Congrats on the launch and really want this to succeed. I think I write too many trivial code that can be replaced by AI like this - like writing simple auth stuff or json parsing logic etc in my projects.
However, I just installed it in VS Code and tried it in my Django project.
1. I like the refractoring suggestions. Really cool and had some awesome suggestions right off the bat.
2. I tried to give instructions to write a method and it simply failed. I tried something like: "write a method to parse json object and parse non-zero values from it". All it did was add a method called parseJson(json) with pass as body :(
I tried a few different variations to get a method written by mutable but got nothing except new lines.
Anyway, wish you the success. I would love to see more players in this space. I feel a strong need for this kind of AI that can supplement my day to day coding .
Thank you for trying us out and we appreciate your congratulations. We are moving very fast so you should notice steady improvements all the time. We are serious about training our own LLMs and believe a competitive one can be trained on a seed startups budget.
Feedback that goes directly to us? We've thought about having a feature where you give us feedback and a ticket is filed with the code snippet in question (and the AI suggestion). Is that what you mean?
I noticed the docs mentioned it sends upto 1000 lines on a request and reads the contents of the immediate files.
One thing I have noticed with Copilot when working on large codebases is that the suggestions are that useful. For generic code it is fine, but when trying to write code that depends on ~100% internal modules, it was pretty useless and generated a lot of noise that I rarely used it and finally uninstalled.
I have been wondering if taking a hybrid approach of creating a mini model of the entire project locally and using it with Codex as a complementary source would greatly improve the quality of suggestions. I don't know enough about all the existing tools, so this might be something already implemented. Just wanted to share this with someone who worked in this space
That is a great point. We want to scale to entire codebases so that this will no longer be an issue. I think you're on to something when you say that companies, teams and ultimately individuals will have their own models. We're really excited about this future and can't wait to build it.

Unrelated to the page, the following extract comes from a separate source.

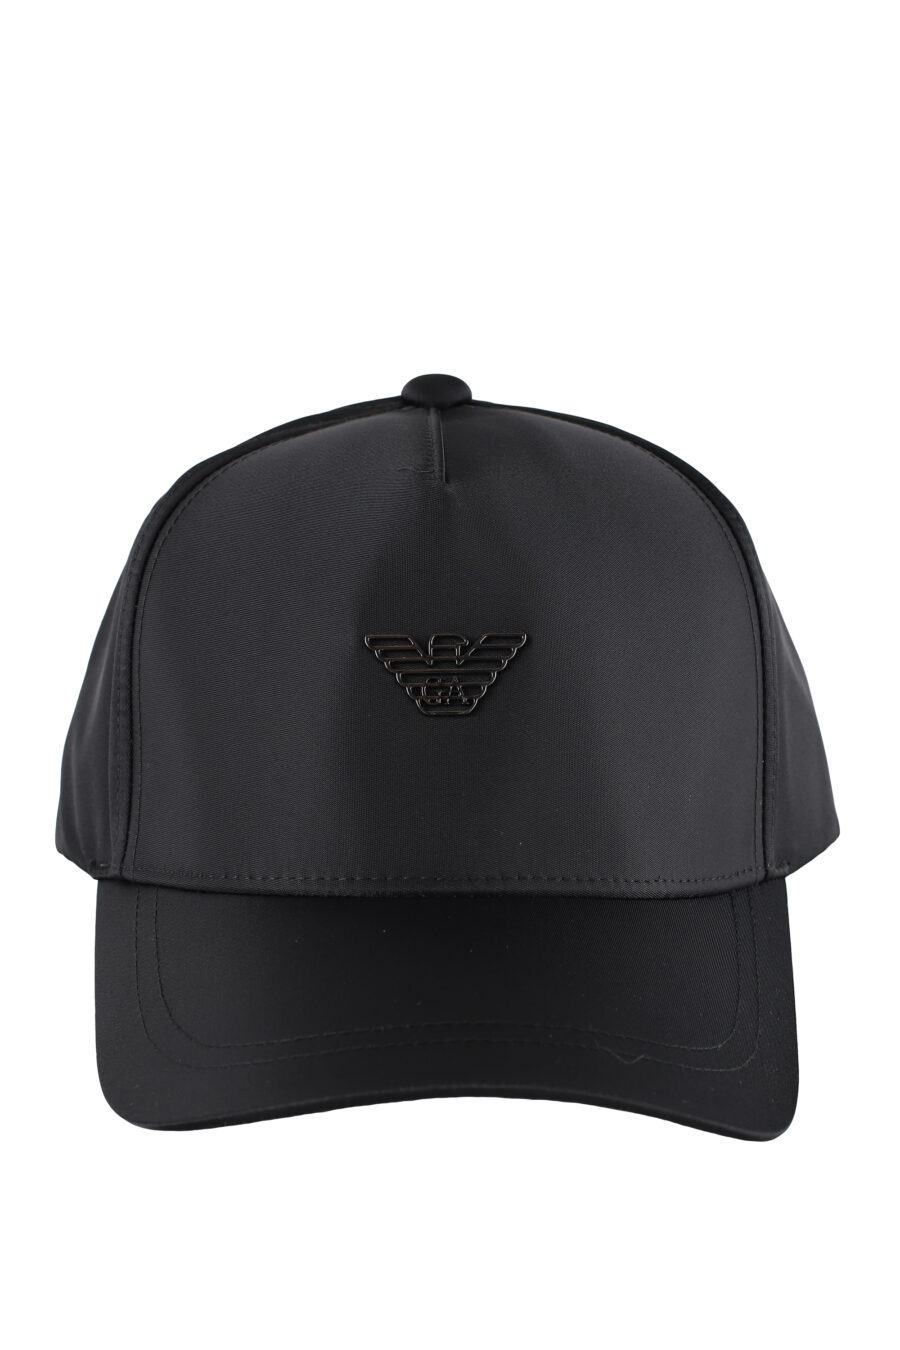 Gorra negra con logo águila en metal - IMG 5176

Thanks for your comment. Our vision of this space goes beyond autocompletion, for example currently we have documentation and the code edit functionality. We are also building out our own LLMs to support other functionality like AI refactoring.
Thanks for your question! I am not super familiar with Private Hub, but I envision companies wanting their own networks (which don't necessarily have to be on-prem) for many reasons. This allows for fine tuning the network on company/team code idioms, lower latency, and even fine tuning for very company specific applications (say translating their APIs from one language they develop in to all other languages they support).
Tabnine is my personal favorite as it works with most IDEs including IntelliJ, Vim and even VSCode and the suggestions are high-quality. I actually moved away from Copilot to Tabnine across all IDEs and haven't gone back since.
I am personally quite interested to see how many Codex-wrapper-for-VSCode projects we see. It's the one project every single engineer on HN has considered. (Same goes for the GPT3 text generation flavor, the "autocomplete for Gmail/Chrome/whatever" ones).
What makes it interesting is everyone knows there will be thousands. So the people who decide to continue anyway will presumably have some significant ideas for post-processing.
It's interesting in a game theory sense.
Yes... many of these will be the obvious (generate 5 suggestions and rank them with a different neural net, similar to what Google is doing internally, etc.)
But a small portion will do interesting things. (I know my personal daydreaming session on the topic ended with many pages of possible approaches.)
There are MANY novel applications or approaches possible beyond simply "wrap Codex, add stack-specific context to the prompt, re-rank with secondary model".
I think some of the wrappers will actually succeed. But there will be so many (I predict it being a popular course project for CS classes etc).